### Work request
Once the line with "Meetings in Margaritaville" has been located in the records below, set down that line and all subsequent lines exactly, omitting the pictures.
====== Information
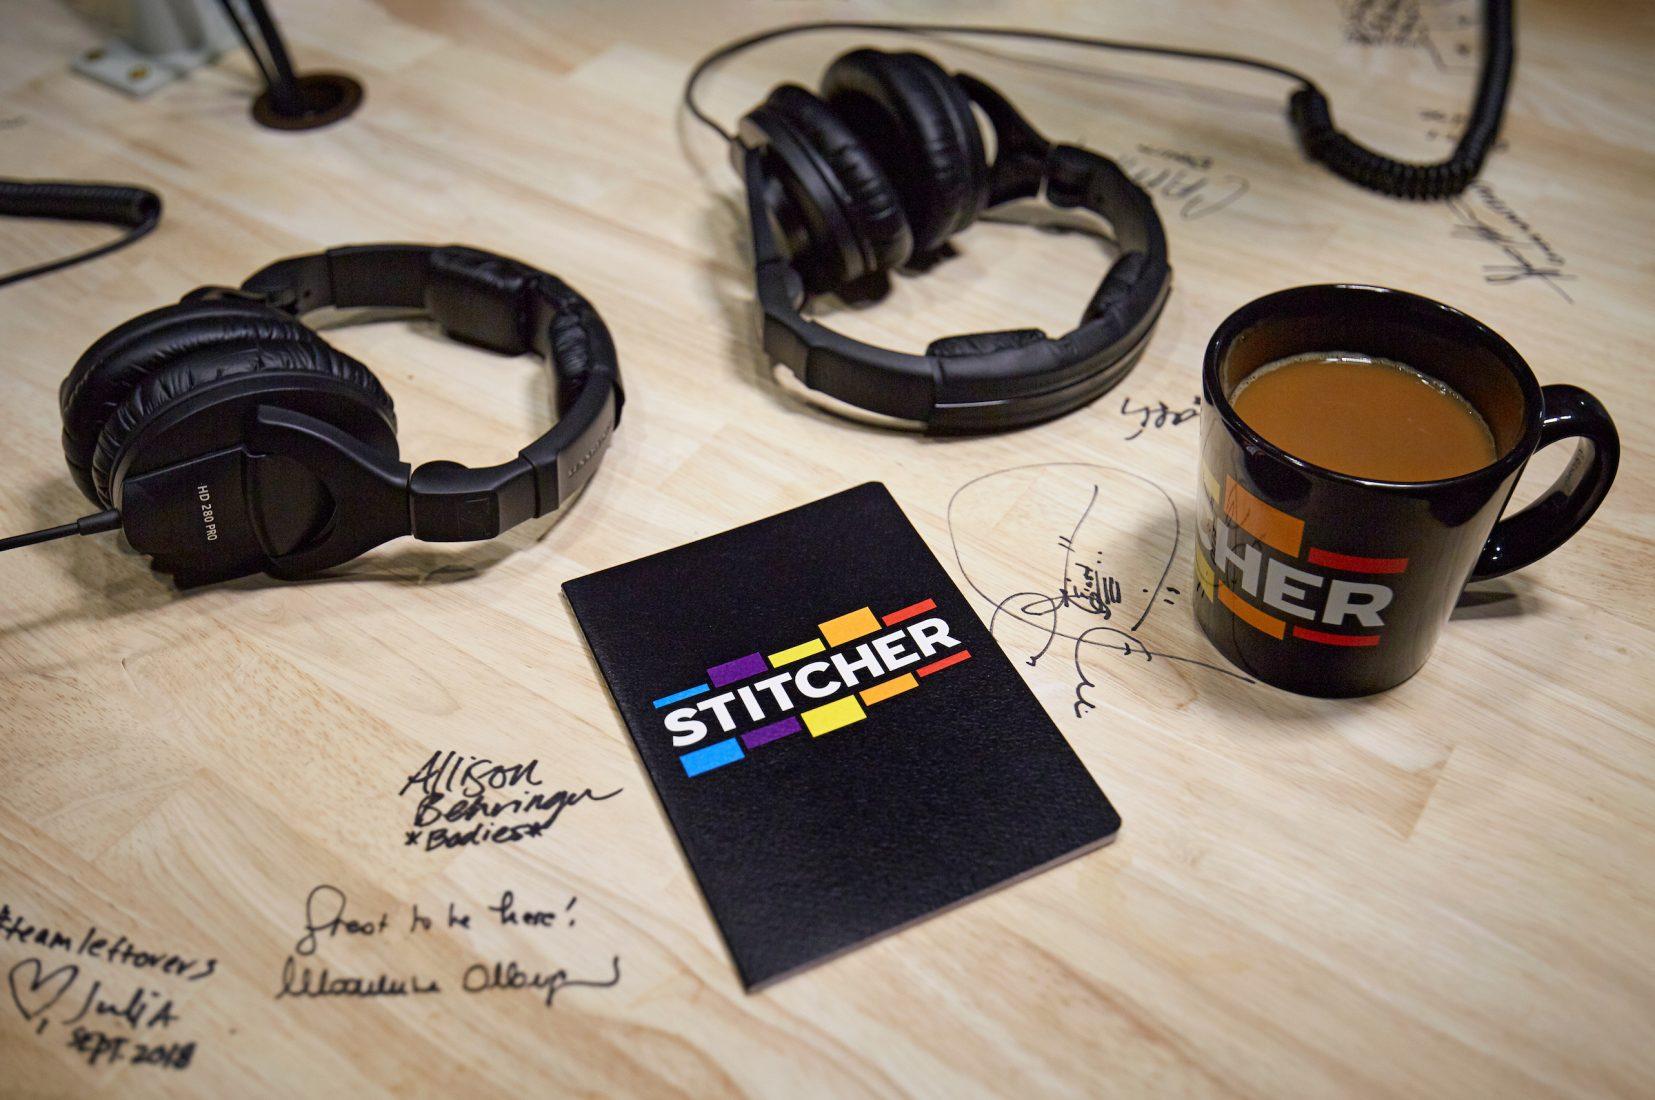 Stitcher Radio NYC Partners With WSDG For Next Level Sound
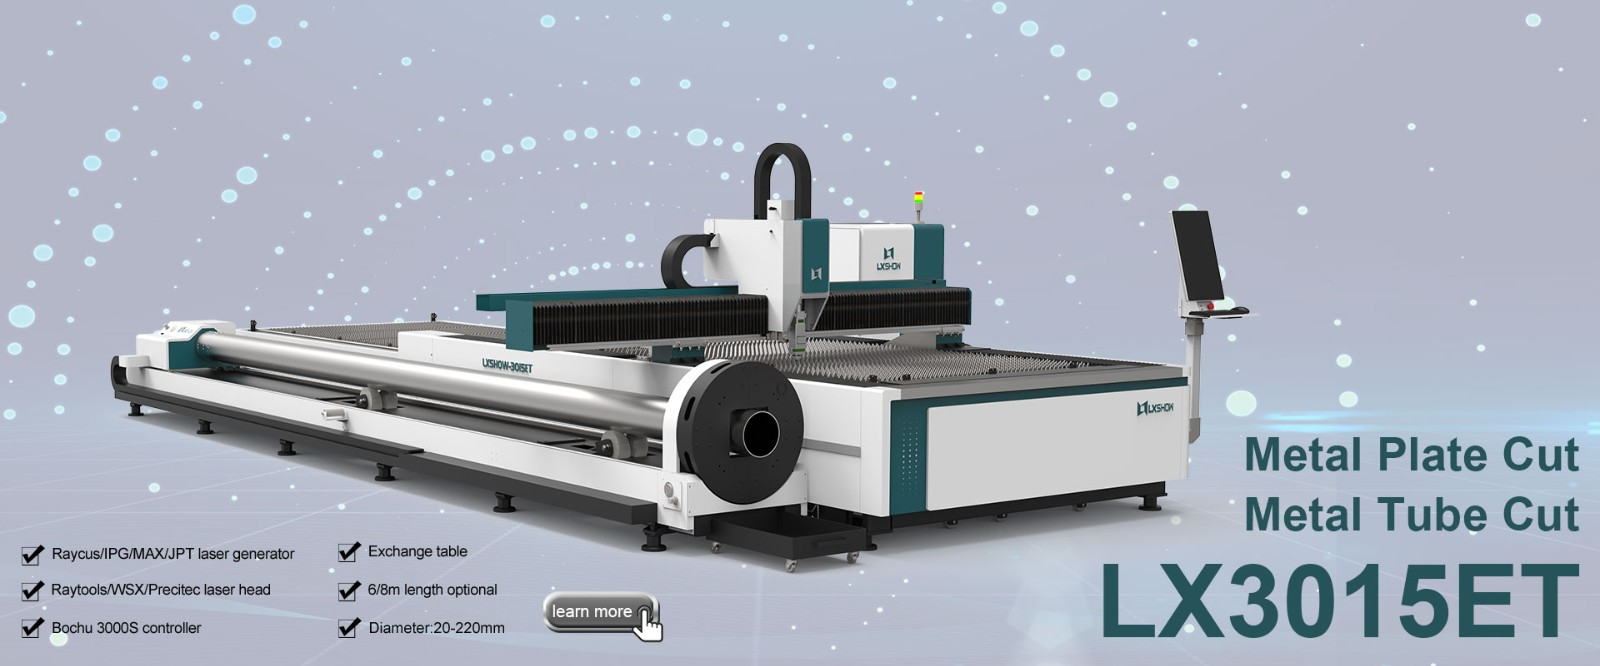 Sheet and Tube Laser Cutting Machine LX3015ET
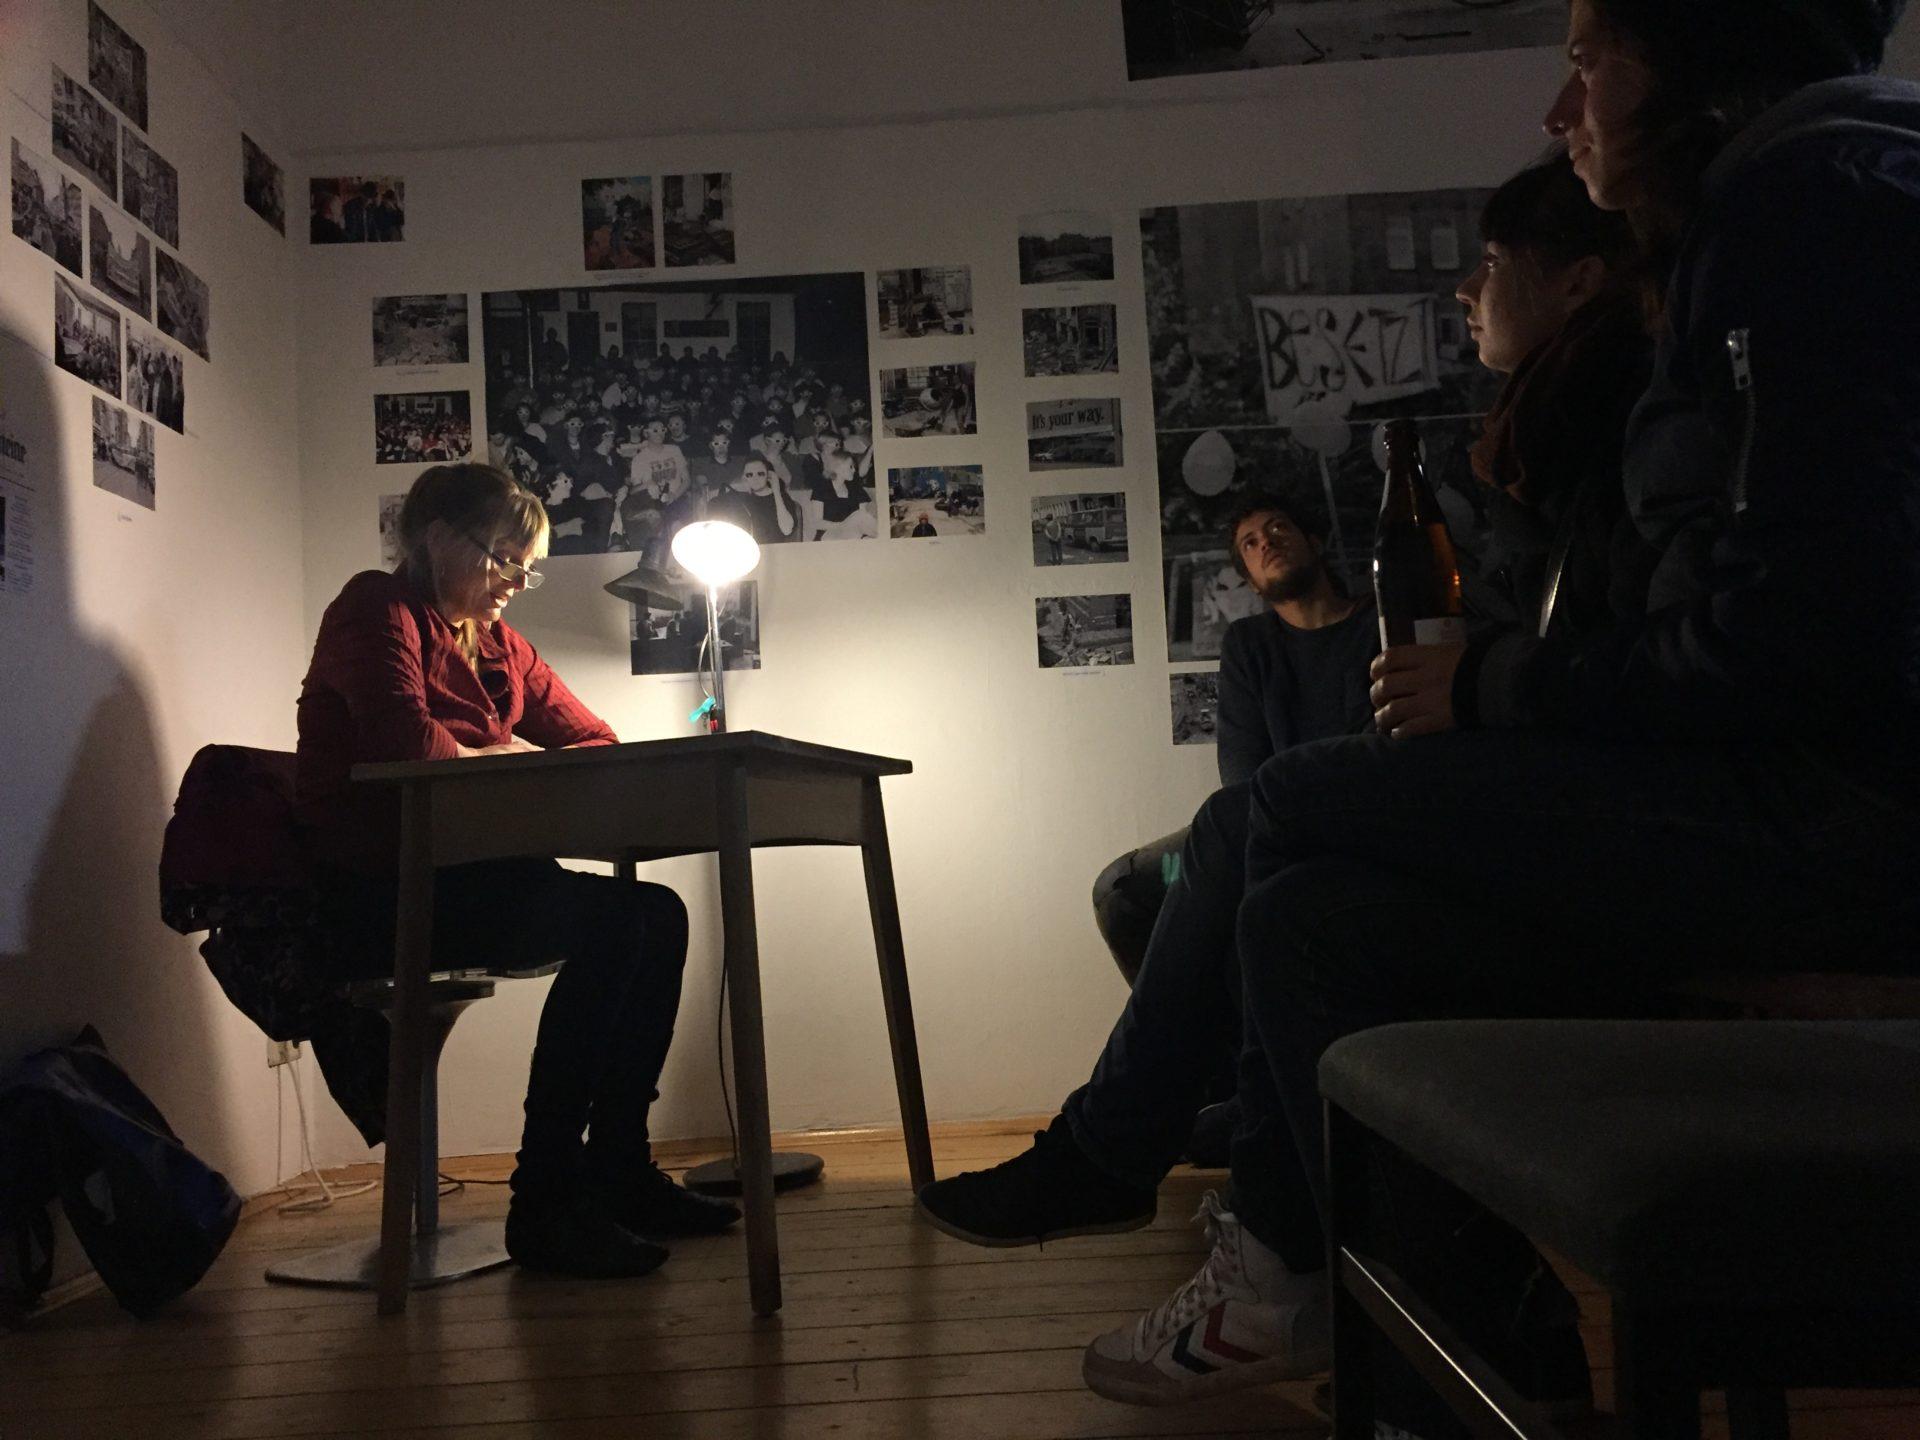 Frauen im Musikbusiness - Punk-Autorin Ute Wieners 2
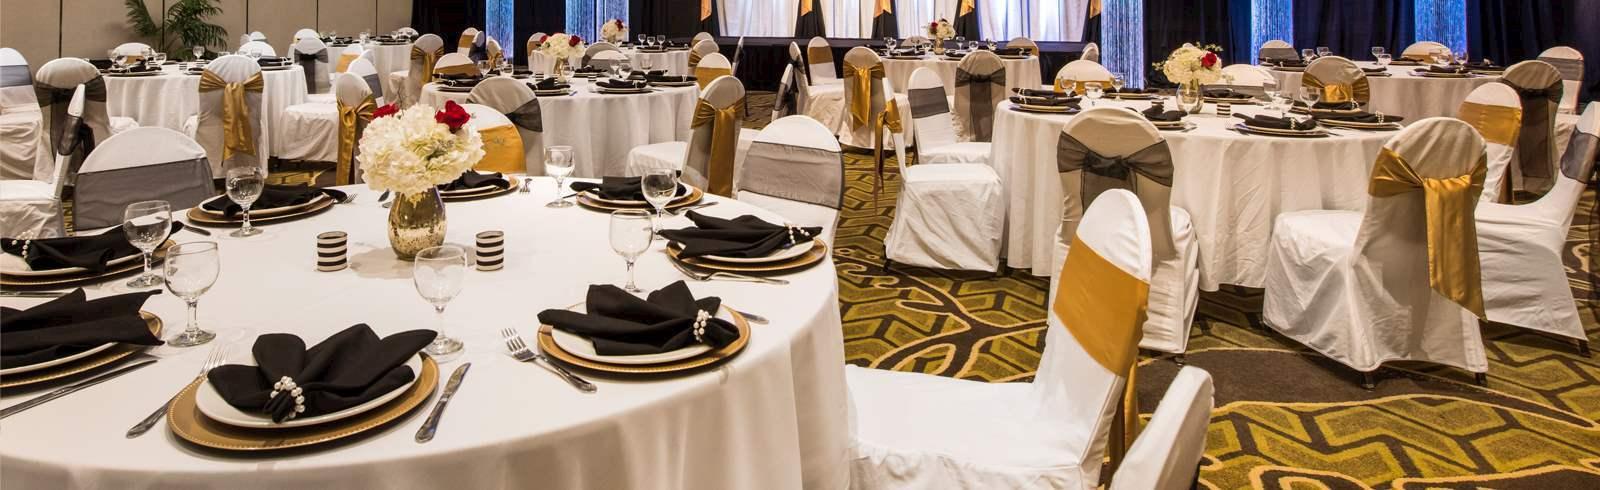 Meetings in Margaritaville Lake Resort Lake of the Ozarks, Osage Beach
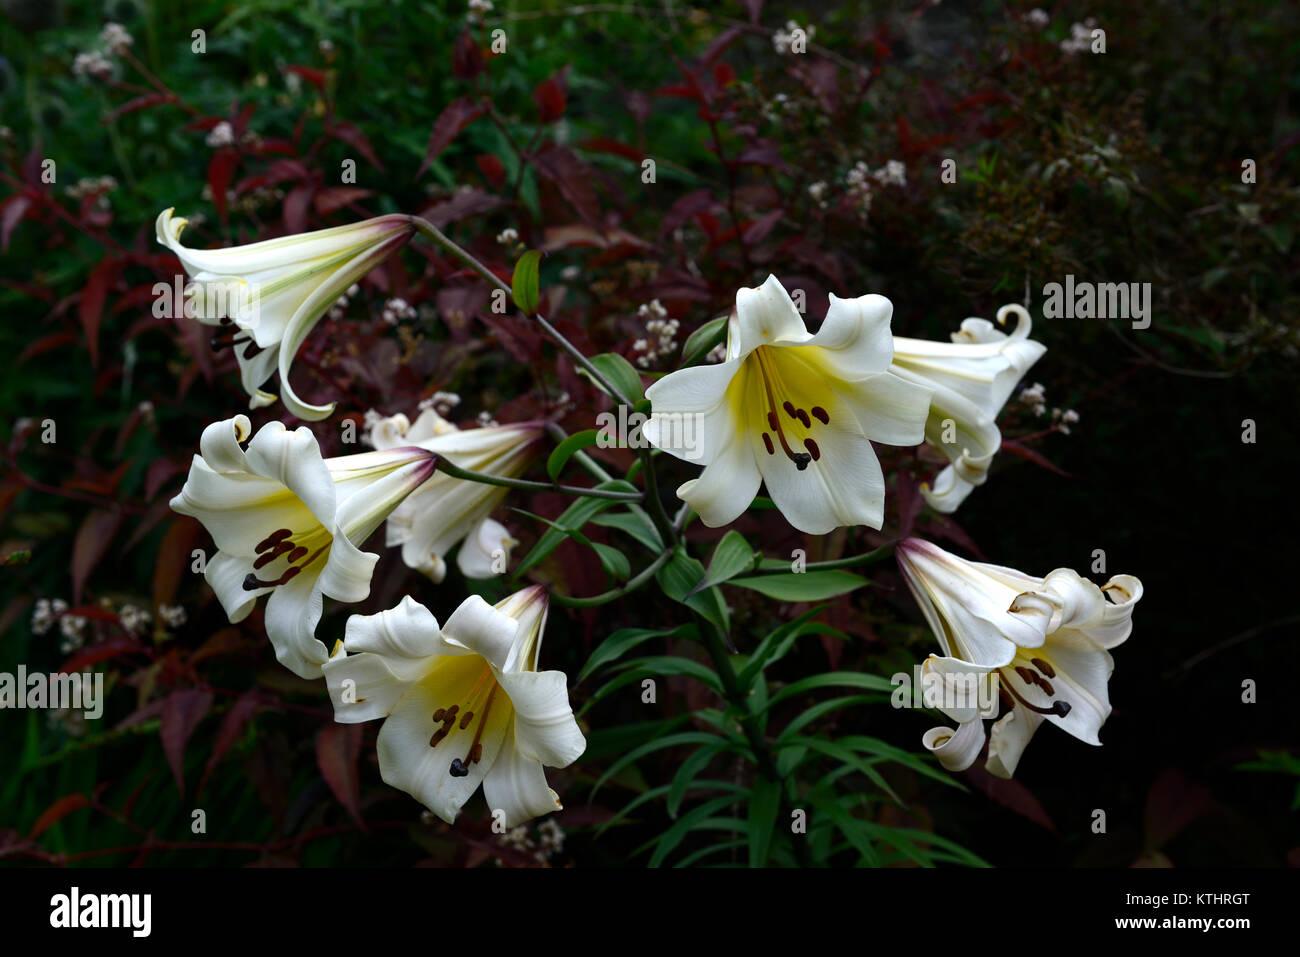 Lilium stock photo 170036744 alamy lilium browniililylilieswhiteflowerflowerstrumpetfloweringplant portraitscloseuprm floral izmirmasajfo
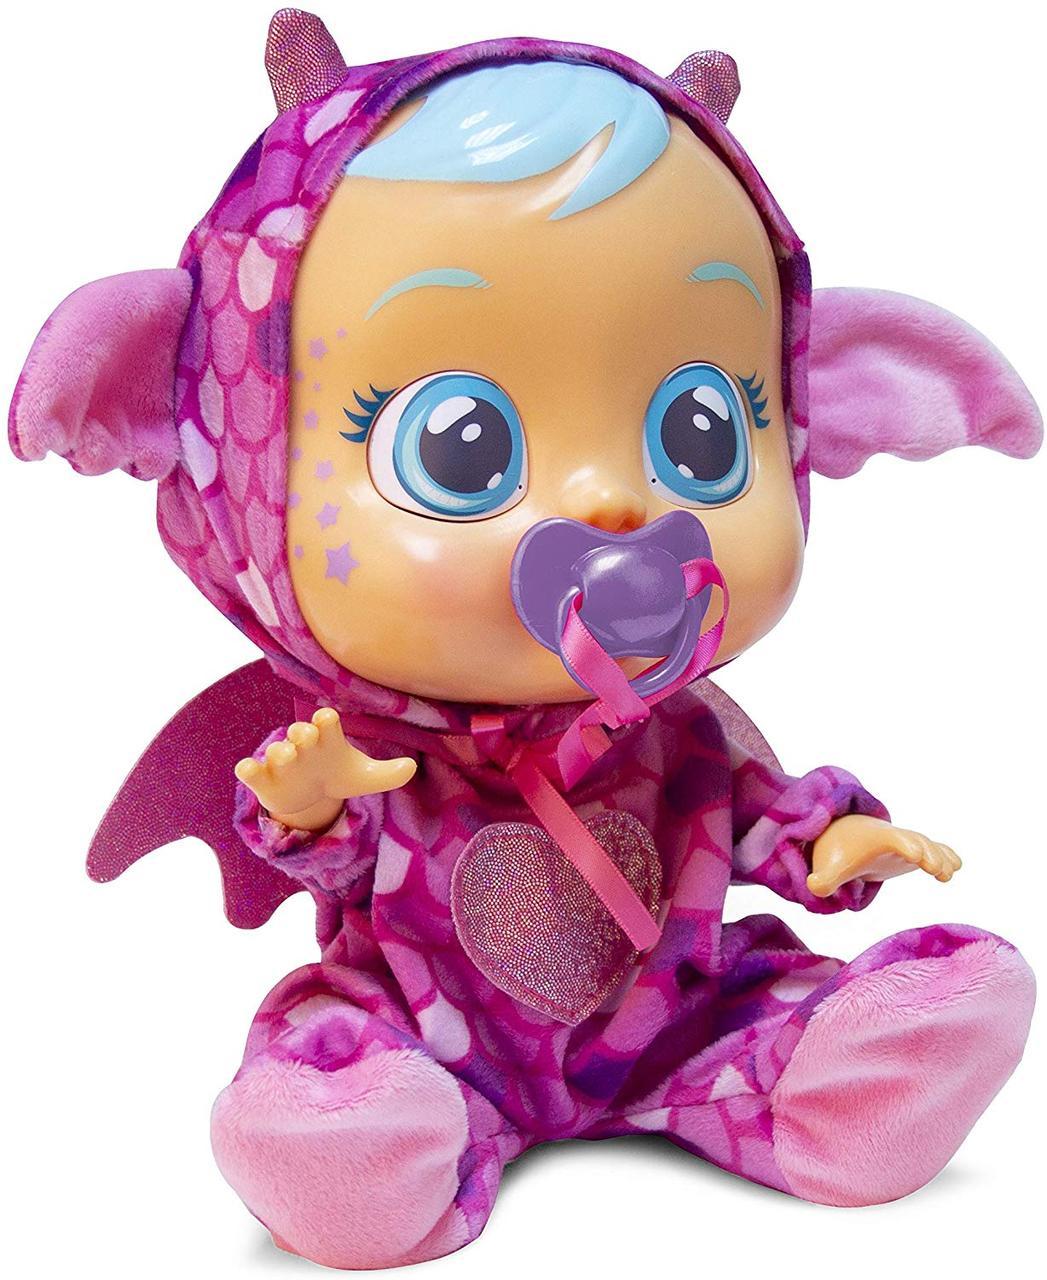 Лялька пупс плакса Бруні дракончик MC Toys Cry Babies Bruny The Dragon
============
### Result for this exercise
 Meetings in Margaritaville Lake Resort Lake of the Ozarks, Osage Beach
 Lilium stock photo 170036744 alamy lilium browniililylilieswhiteflowerflowerstrumpetfloweringplant portraitscloseuprm floral izmirmasajfo
 Лялька пупс плакса Бруні дракончик MC Toys Cry Babies Bruny The Dragon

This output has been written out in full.